To tackle this central question, we first asked whether preventing the primary immune response from occurring within the correct anatomical context leads to tolerance. In other words, does interfering with the primary step required for launching the adaptive immune response, the interaction of antigen presenting cells (APC) with T cells (Figure 2, point A), cause immunologic unresponsiveness? To answer this question, we transplanted fully vascularized cardiac allografts to mice that lack secondary lymphoid organs [2]. Secondary lymphoid organs (the spleen, lymph nodes and mucosal lymphoid tissues) are the seat of primary immune activation as they provide the optimal environment for APC–T cell interaction. As expected, we found that such mice are unable to reject their allografts because they cannot mount primary immune responses. Alloreactive T cells in these recipients, however, remained immunocompetent as they quickly mediated allograft rejection when transferred to an immunodeficient host that had a full complement of secondary lymphoid organs. Therefore, chance encounter between T cells and alloantigens outside the context of secondary lymphoid organs does not lead to T cell tolerance but, instead, the transplanted organ is ignored and the alloreactive T cells remain functionally intact. This finding implies that clinical strategies based on global immunosuppression, which prevents primary T cell activation, are unlikely to achieve tolerance.

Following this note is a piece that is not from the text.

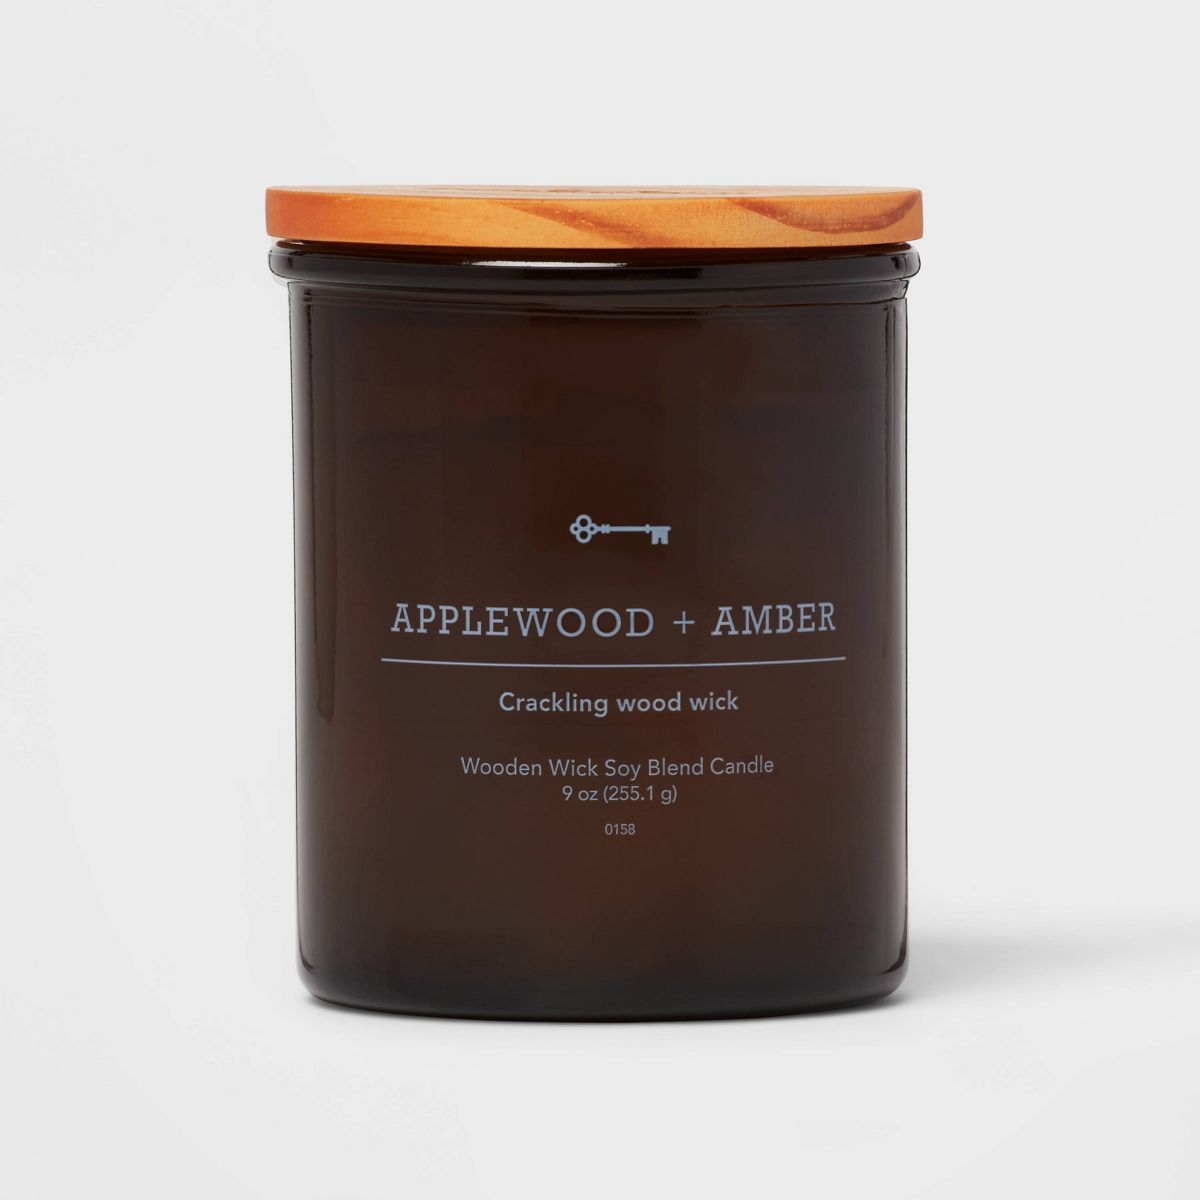 9oz Lidded Glass Jar Crackling Wooden Wick Candle Applewood and Amber - Threshold™ | Target

Cytokines: friends or foes?

It is generally assumed that blocking mitogenic T cell cytokines, particularly interleukin-2 (IL-2), not only prevents the proliferation of activated T cells but also coerces these cells to die or become anergic. Therefore, we and others asked whether targeting the expansion phase of the alloimmune response (Figure 2) leads to transplantation tolerance by studying allograft survival in mice that lack IL-2. The results of these experiments were completely unexpected. First, allograft rejection occurred unhindered in the absence of IL-2 [3,4]. Secondly, long-term allograft survival or tolerance could not be induced in IL-2-deficient mice, even when effective immunosuppressive or immunomodulatory agents were administered [4,5]. Unknown to transplant immunologists at the time was the fact that IL-2 plays a dual in vivo role. On one hand, it is an important but dispensable T cell mitogen. On the other hand, it is indispensable for preparing activated T cells for apoptosis, a phenomenon often referred to as activation-induced cell death (AICD) [4]. The role of IL-2 in mediating AICD cannot be substituted for by other T cell mitogens [6]. In addition to IL-2, interferon-{gamma} and perforin, which were initially believed to be essential mediators of rejection, turned out to be critical for down-regulating alloimmune responses [7,8]. Therefore, conventional immunosuppressive strategies, which block cytokine production or function, specifically that of IL-2, are unlikely to facilitate tolerance induction but, instead, may hinder it.

Undesirable memories

A cardinal feature of the adaptive immune response is its ability to generate long-lived populations of memory T lymphocytes (Figure 2) [9]. Memory T cells are specific to the antigen encountered during the primary immune response and react rapidly and vigorously upon re-encounter with the same antigen. Memory T cells that recognize microbial antigens provide the organism with long-lasting protection against potentially fatal infections. On the other hand, memory T cells that recognize donor alloantigens jeopardize the survival of life-saving organ transplants [10]. Memory T cells constitute a formidable hurdle to tolerance induction because they have several functional advantages over their naïve counterparts: they live much longer, have access to both lymphoid and non-lymphoid tissues and have much less stringent activation requirements. Using a murine model of heart transplantation, we recently addressed the anatomic requirements for the activation of allospecific memory T cells. We found that, unlike naïve T cells, antigen-experienced memory T cells mount a productive immune response that leads to allograft rejection and beget more memory T cells independent of secondary lymphoid organs [11]. As little as a few thousand allospecific CD8 memory T cells were able to migrate directly to the allograft and mediate its rejection in an immunodeficient host that lacks secondary lymphoid tissues. The memory T cell response in these experiments could not be suppressed by agents that effectively block naïve T cell costimulation, hinting at the formidable challenge that lies ahead of us if we were to successfully prevent allospecific memory responses. Equally surprising was our finding that the long-term maintenance of CD8 memory T cell populations is inhibited by IL-2 [12], again indicating that IL-2 blockade may hinder the induction of stable tolerance.

Concluding remarks

The journey towards transplantation tolerance has been full of surprises. We have come to realize that T cell activation in the presence of IL-2 is a pre-requisite for tolerance induction, and that memory T cells remain a major hurdle to achieving donor-specific immunologic unresponsiveness in transplant recipients. Perhaps tolerance will be achieved only after we carefully assess our current understanding of the alloimmune response. We can only hope that through further research our ignorance will one day turn into memorable scientific reality.

Acknowledgments

This editorial is based on a lecture by the same title given at the 2002 annual meeting of the American Society of Nephrology (Young Investigator Award and Address).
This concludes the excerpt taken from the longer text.